EXERCISE DATA:

----

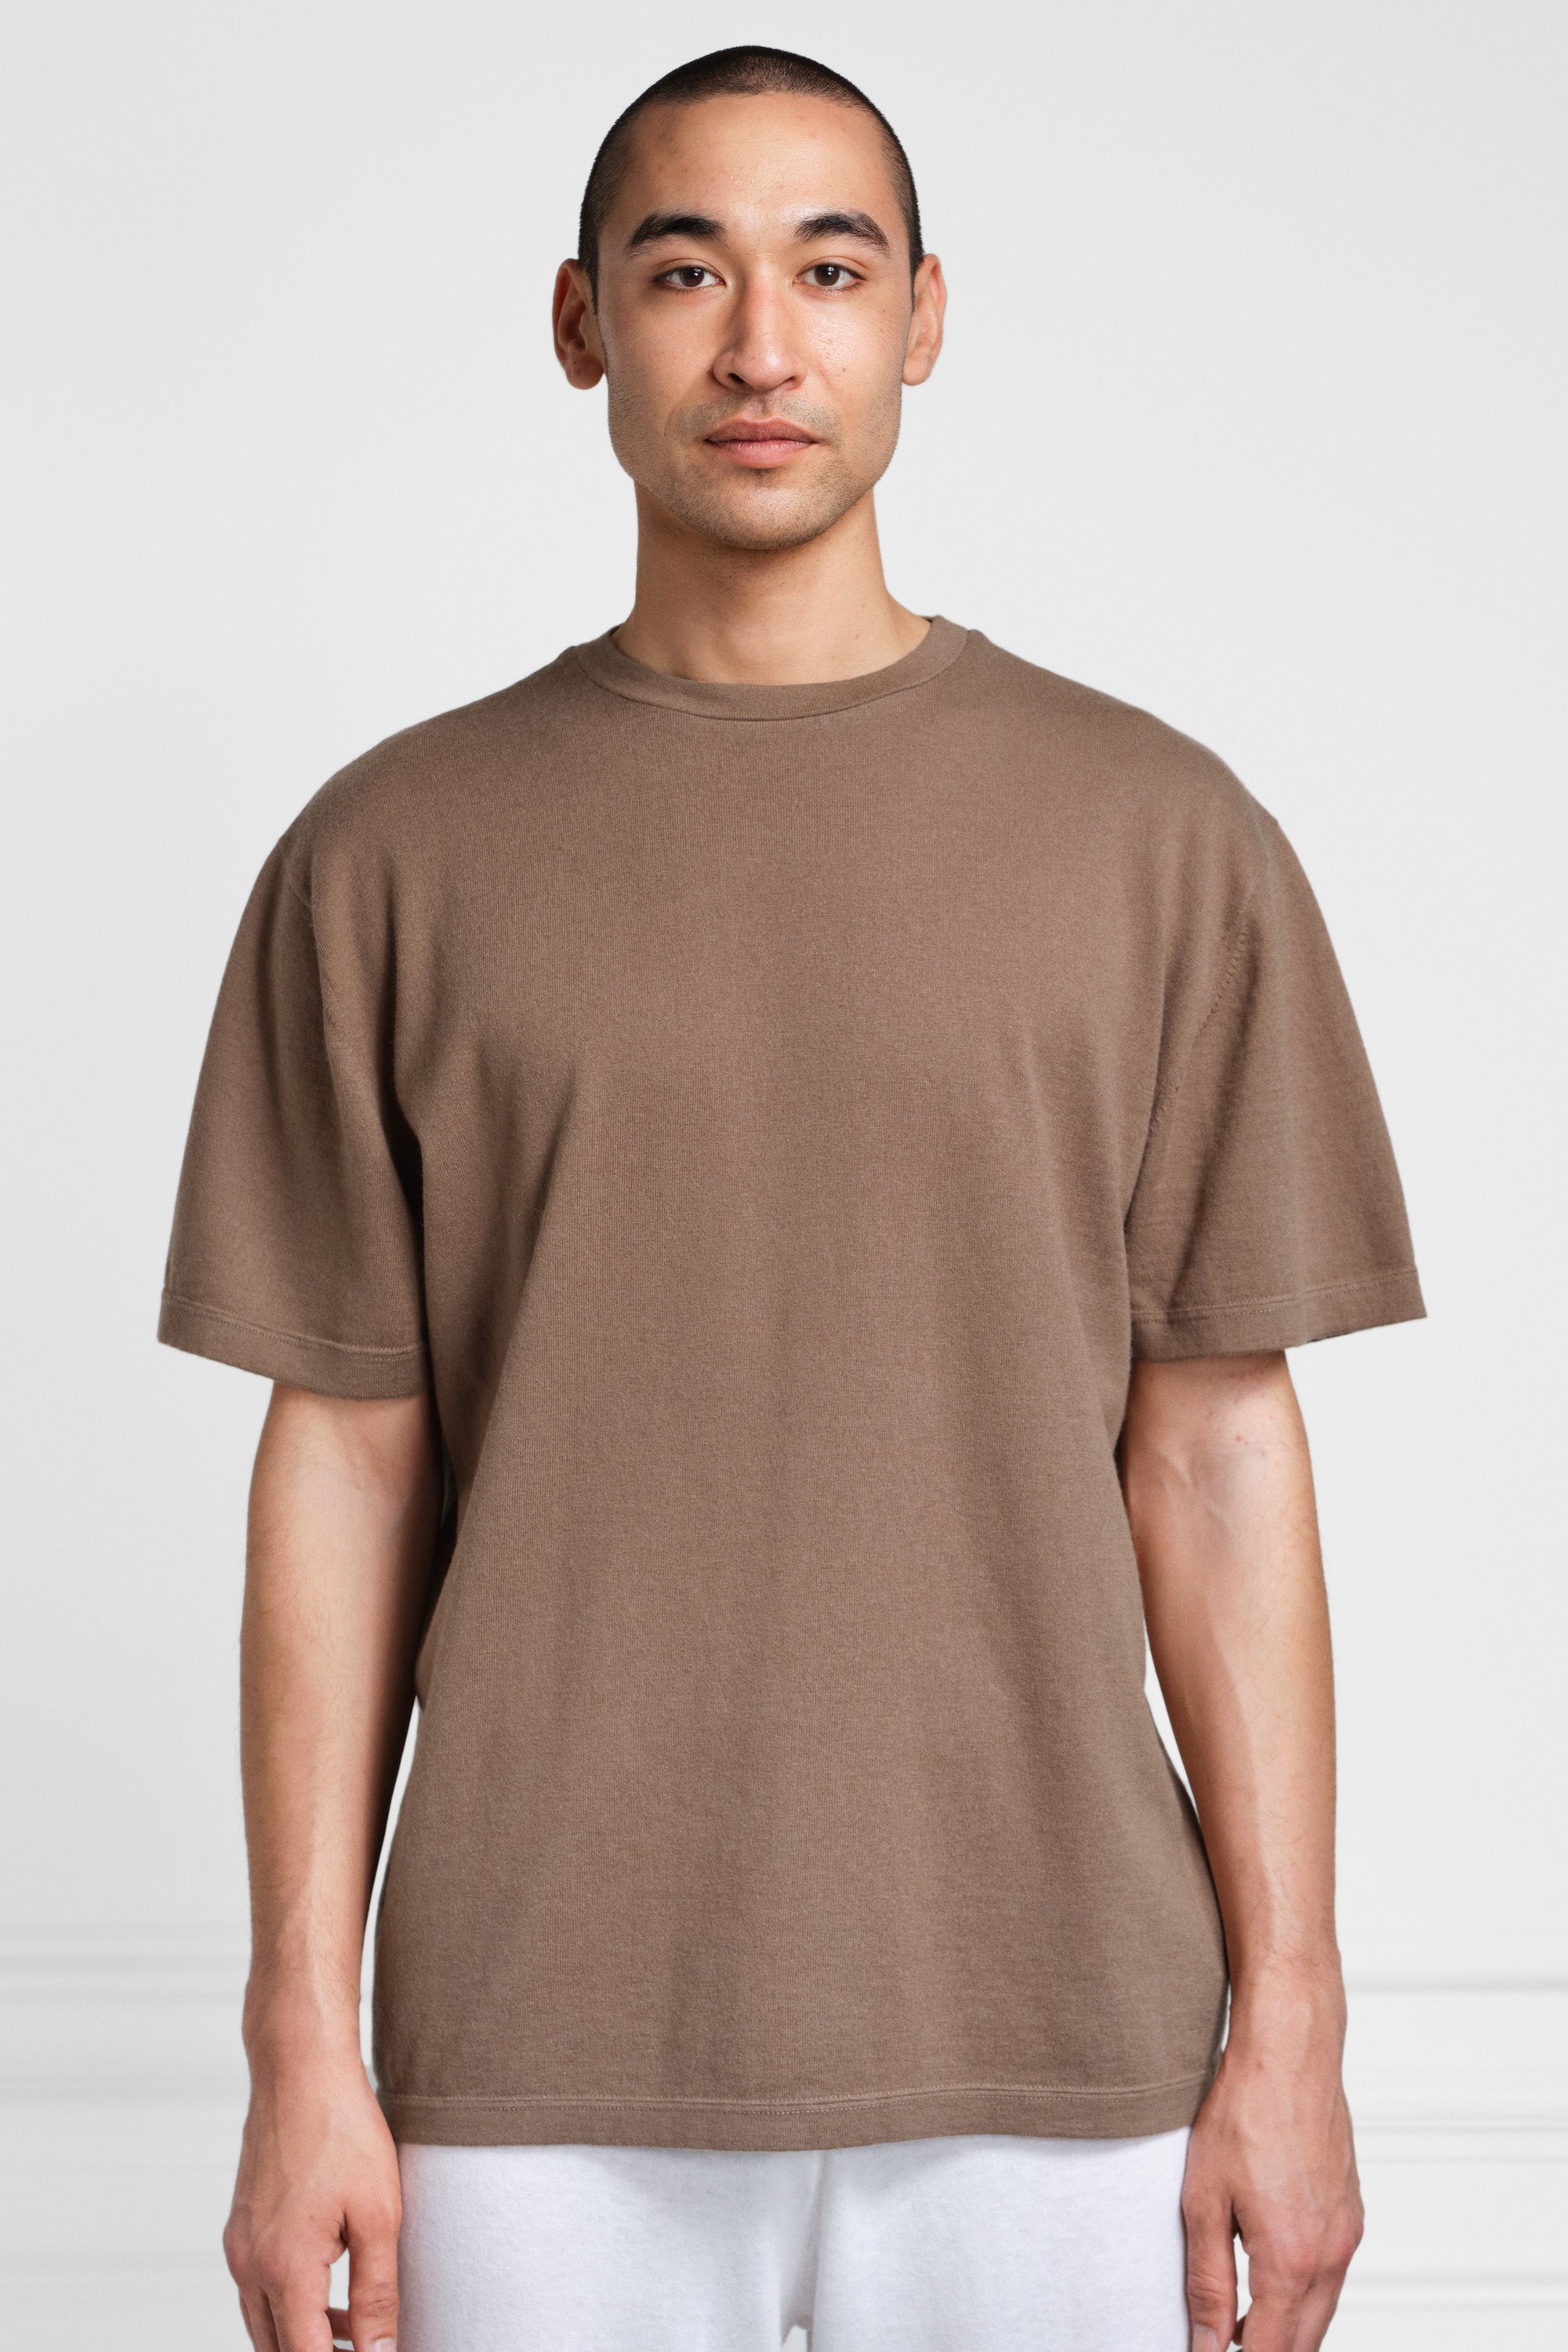 extreme cashmere t-shirt n°269 rik – cotton-cashmere
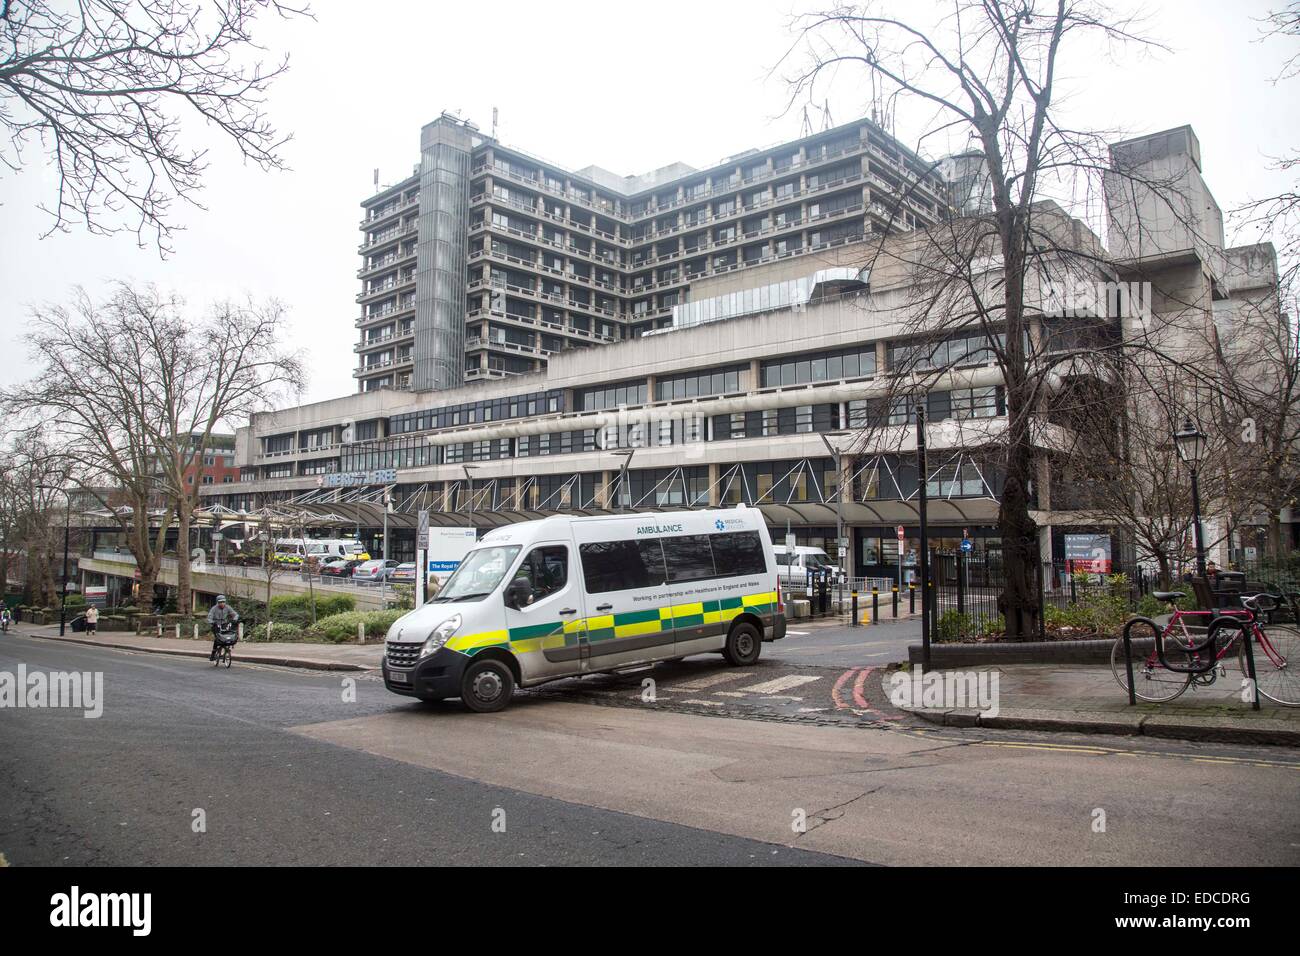 Royal Free Hospital London where the  Ebola isolation unit is housed Stock Photo
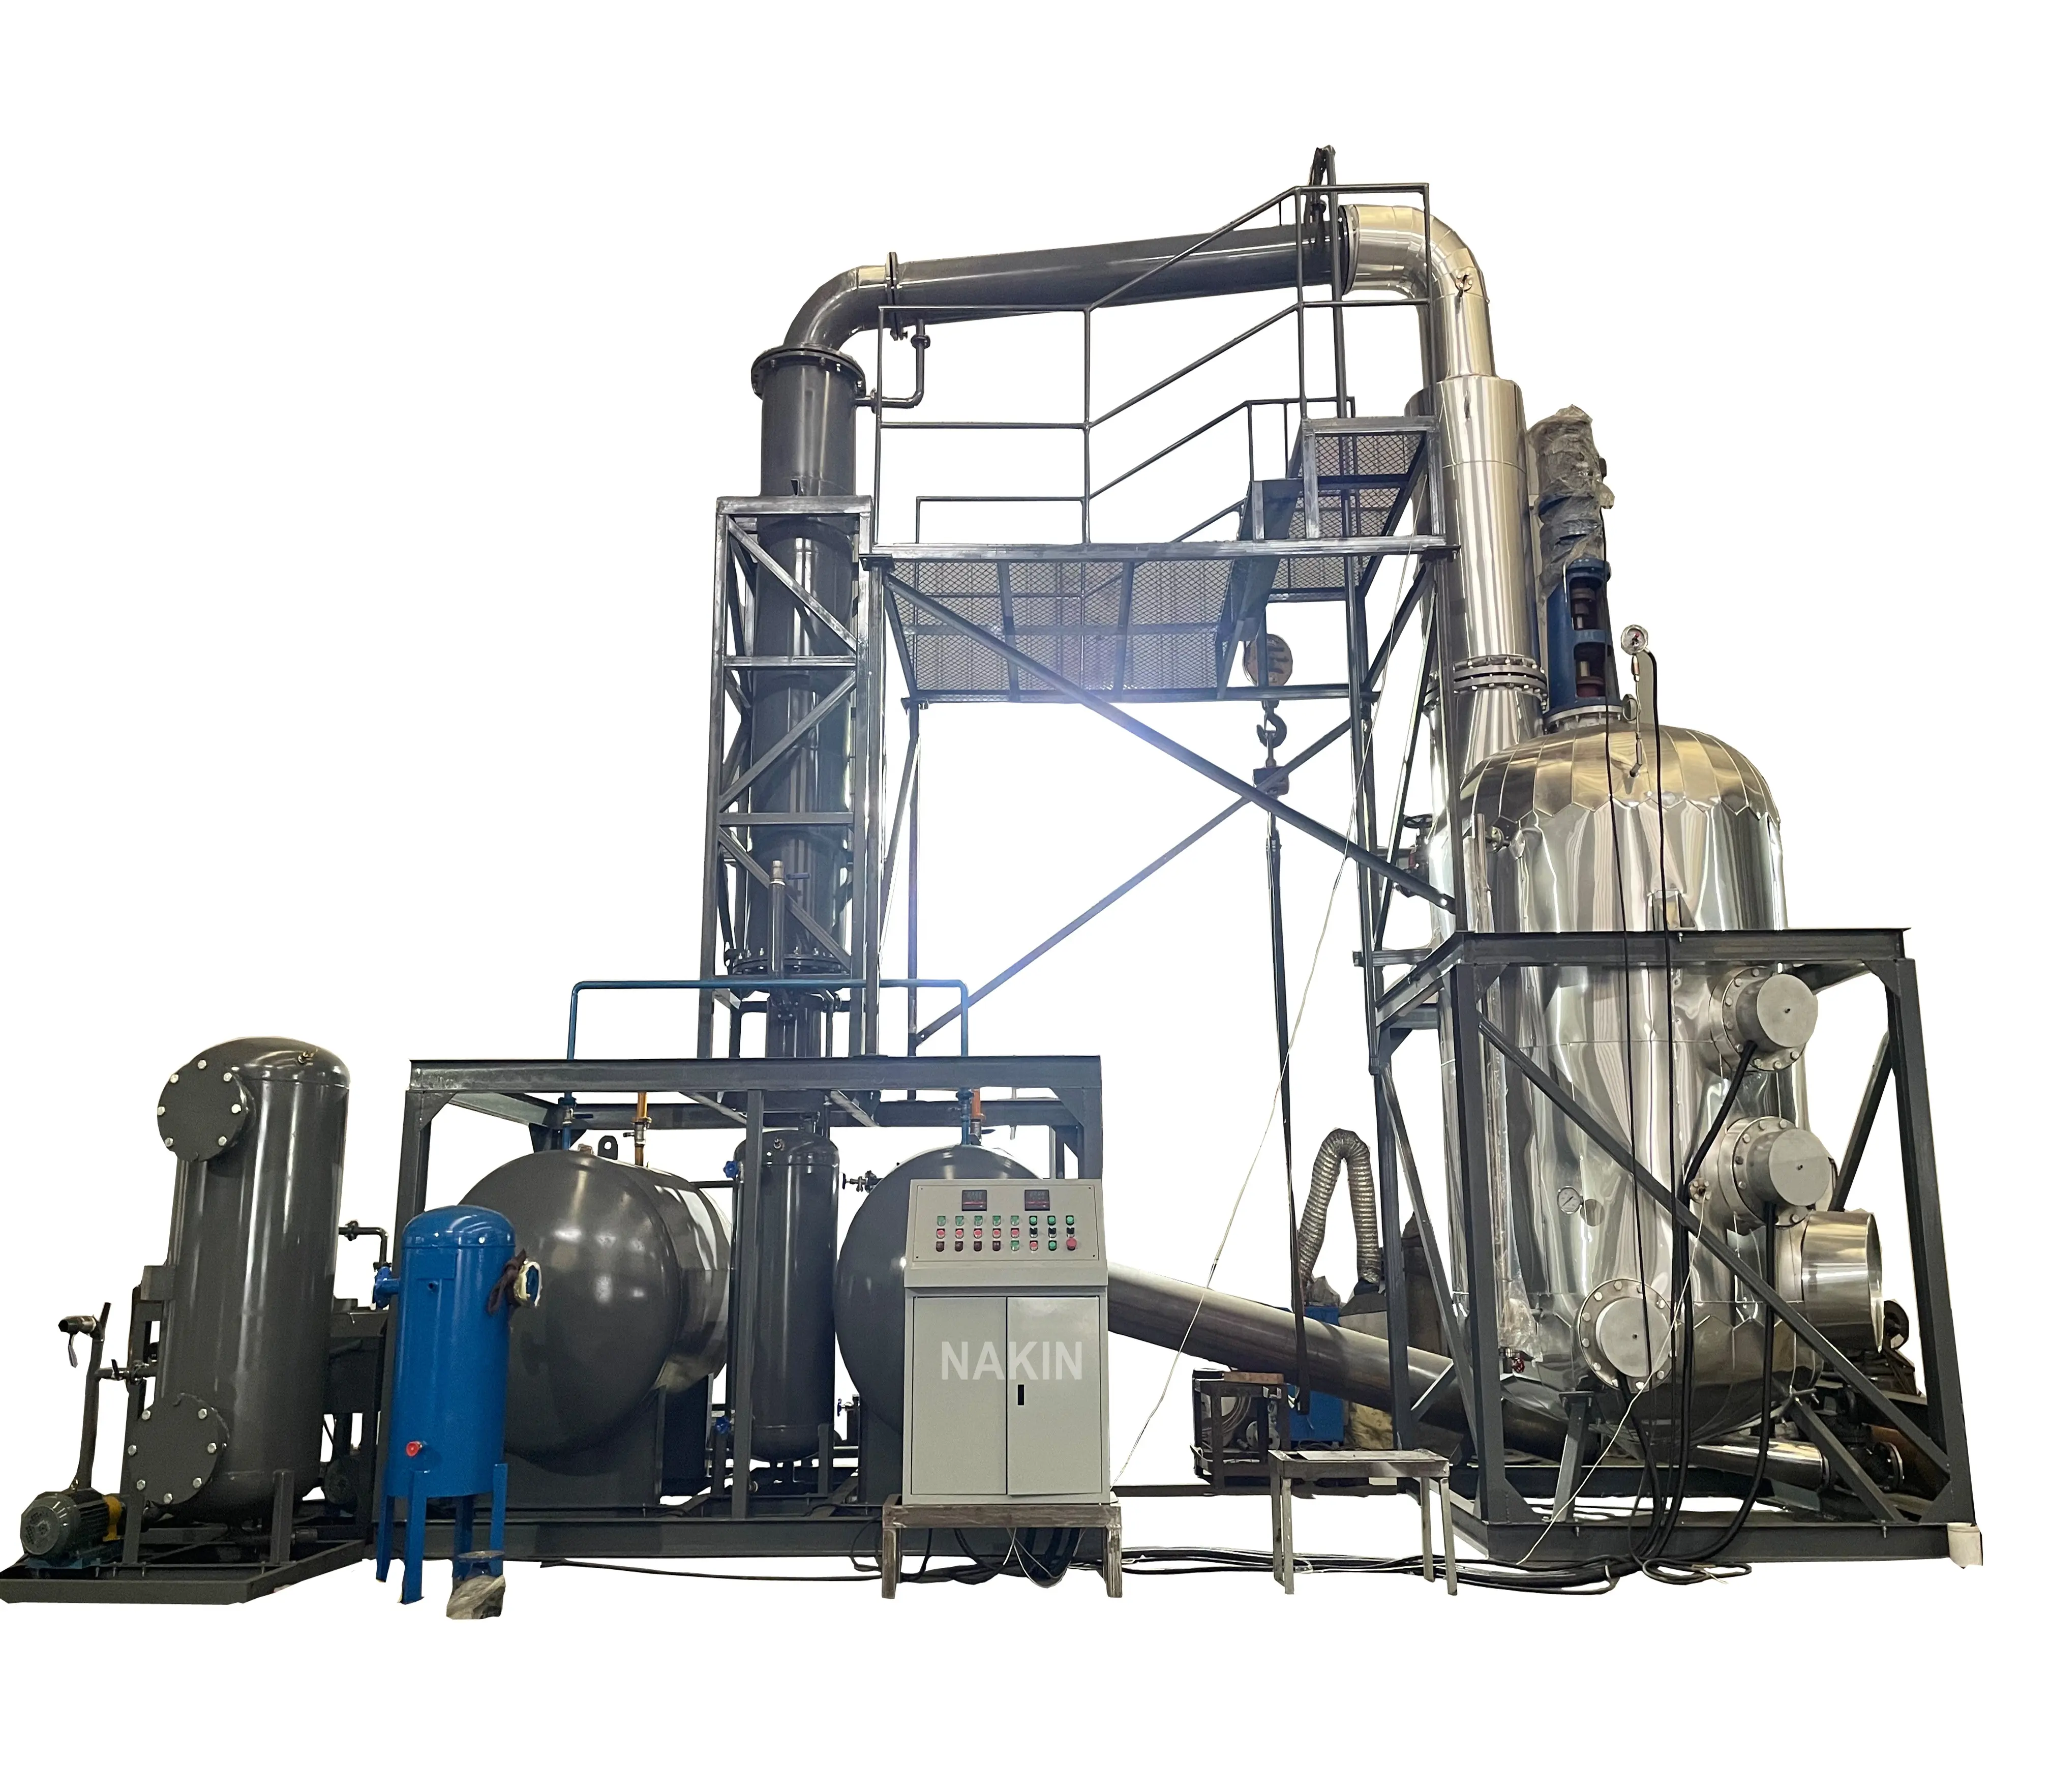 Machine de recyclage d'huile moteur usagée par distillation à haute température convertissant l'huile lubrifiante usagée en carburant diesel

----

WHAT IS BEING ASKED: Where the line containing "Royal Free Hospital" appears above, start there and set down each line exactly through the last line of the data; leave out every picture.

WRITTEN RESPONSE:
 Royal Free Hospital London where the  Ebola isolation unit is housed Stock Photo
 Machine de recyclage d'huile moteur usagée par distillation à haute température convertissant l'huile lubrifiante usagée en carburant diesel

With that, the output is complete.